Amscope ME1400T - A reflective light microscope. Instead of transmitting light through the sample, it bounces light off the surface. It's used in metallurgy to inspect the crystal grains within metallic solids, or in petrography to identify mineral grains in thin section. In petrography, a very useful tool is to use polarized light, which creates interference patterns in minerals that indicate how light moves through them, helping to identify them. I bought this scope for petrography, but the application applies well to crystallography. It has a polarizer & analyzer built into it. The photo at the header was taken through the ME1400T.
Amscope SM-1T - A stereo zoom microscope. Basically just a big magnifying glass. Also uses reflected light, but with less magnification. Great for looking at objects larger than a slide, like actual crystals. The polariscope can be placed under the SM-1T to view specimens in polarized light. Below is an image of the same crystal, photographed through the SM-1T + Polariscope.

Camera:
Amscope AF408N - Both microscopes have trinocular ports for the camera that I swap between them.
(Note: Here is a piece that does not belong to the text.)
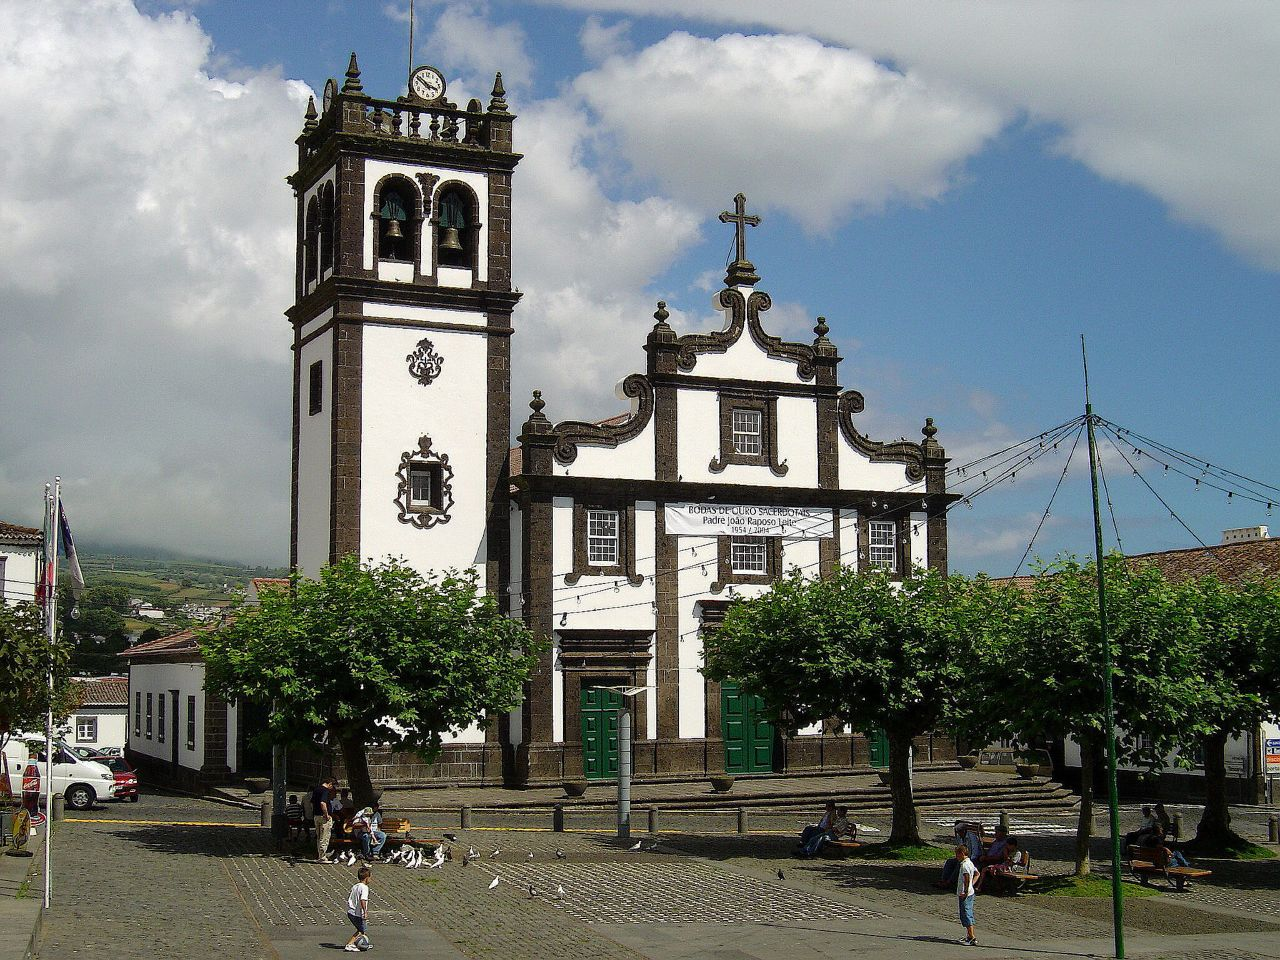 Rosario-Lagoa Portugal  city photos : Original file  1,280 × 960 pixels, file size: 312 KB, MIME type ...

It can transmit a 4K live feed to my TV, which looks amazing in OLED. I haven't figured out how to calculate the magnification through the camera yet, but once I do I will be able to add a scale bar to the photos. It also takes great video. I'm really happy with this camera and being able to share what the microscope reveals.
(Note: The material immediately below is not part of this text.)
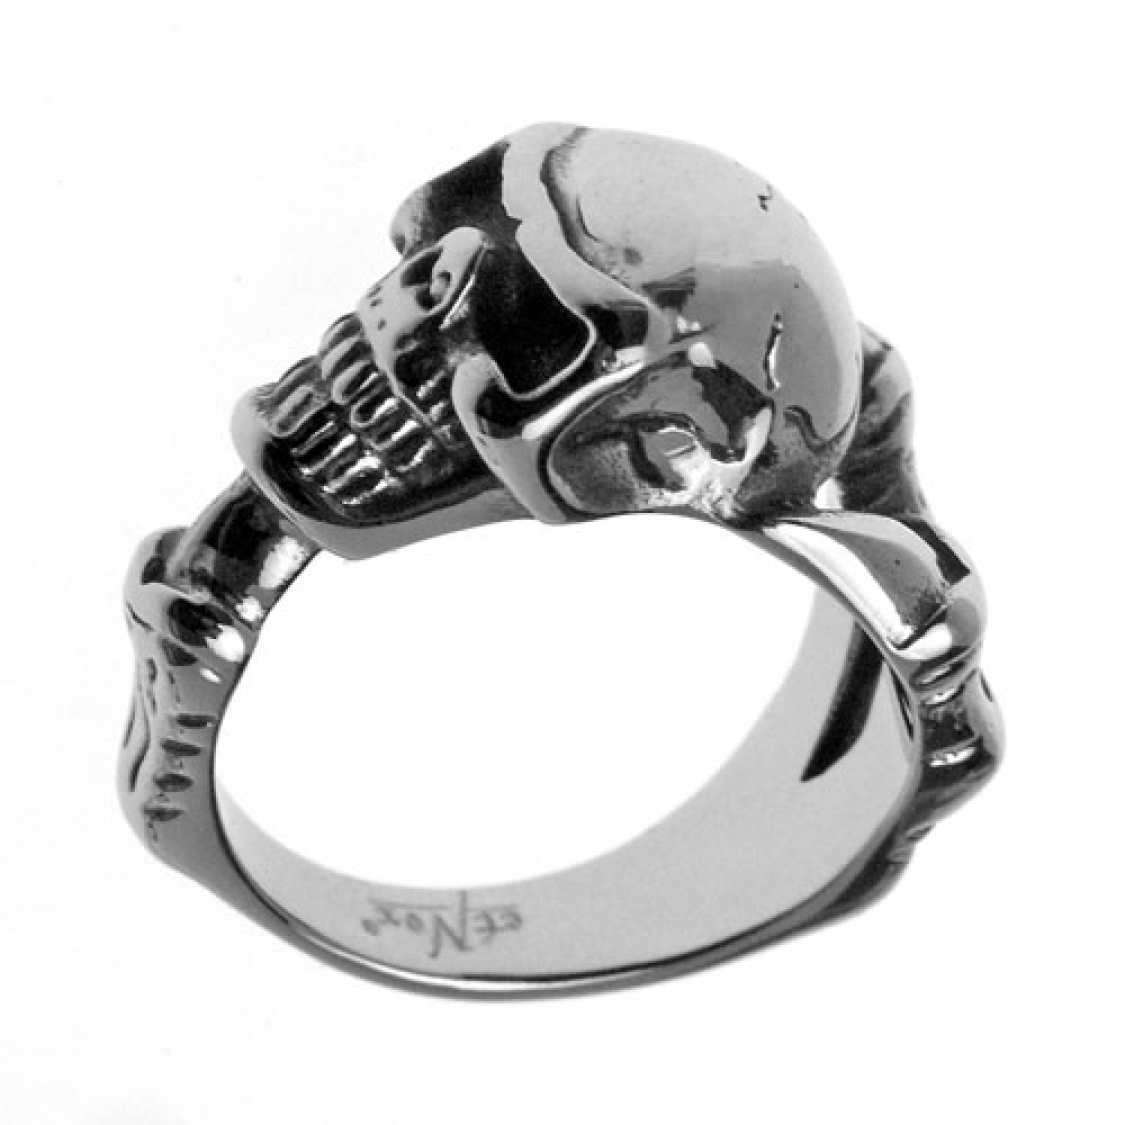 Edelstahl-Ring Drachenklaue mit Skull, Totenkopf, Dragon claw

Right now it's more of an art form, but I think with enough observation and some informed explanations we could learn a lot from watching DMT grow on a slide. I invite anyone that is more experienced with this to help with that
This video through the SM-1T + Polariscope illustrates what it looks like when rotating the polarizers relative to the sample. When grains go black it's called extinction. When they're colorful it's called birefringence. When shadowy bands of extinction wash over the entire crystal structure, it's called an interference figure. It all has to do with how light slows or splits when traveling through materials. A smarter person could use all this information to determine not only what mineral they're looking at, but also what axis of the crystal structure they're looking down. It apparently could also be used to analyze purity, or polymorphism. As we can see, there are pure solid transparent shards in this sample, that fan out into a wave of less ordered formations.
View attachment Rotating Polarizer.mp4
I've seen more formations in these slides than I believed DMT could exhibit. I'll introduce more of them as I get time to write amateur descriptions for them. How freakin' psychedelic is polarized light tho?!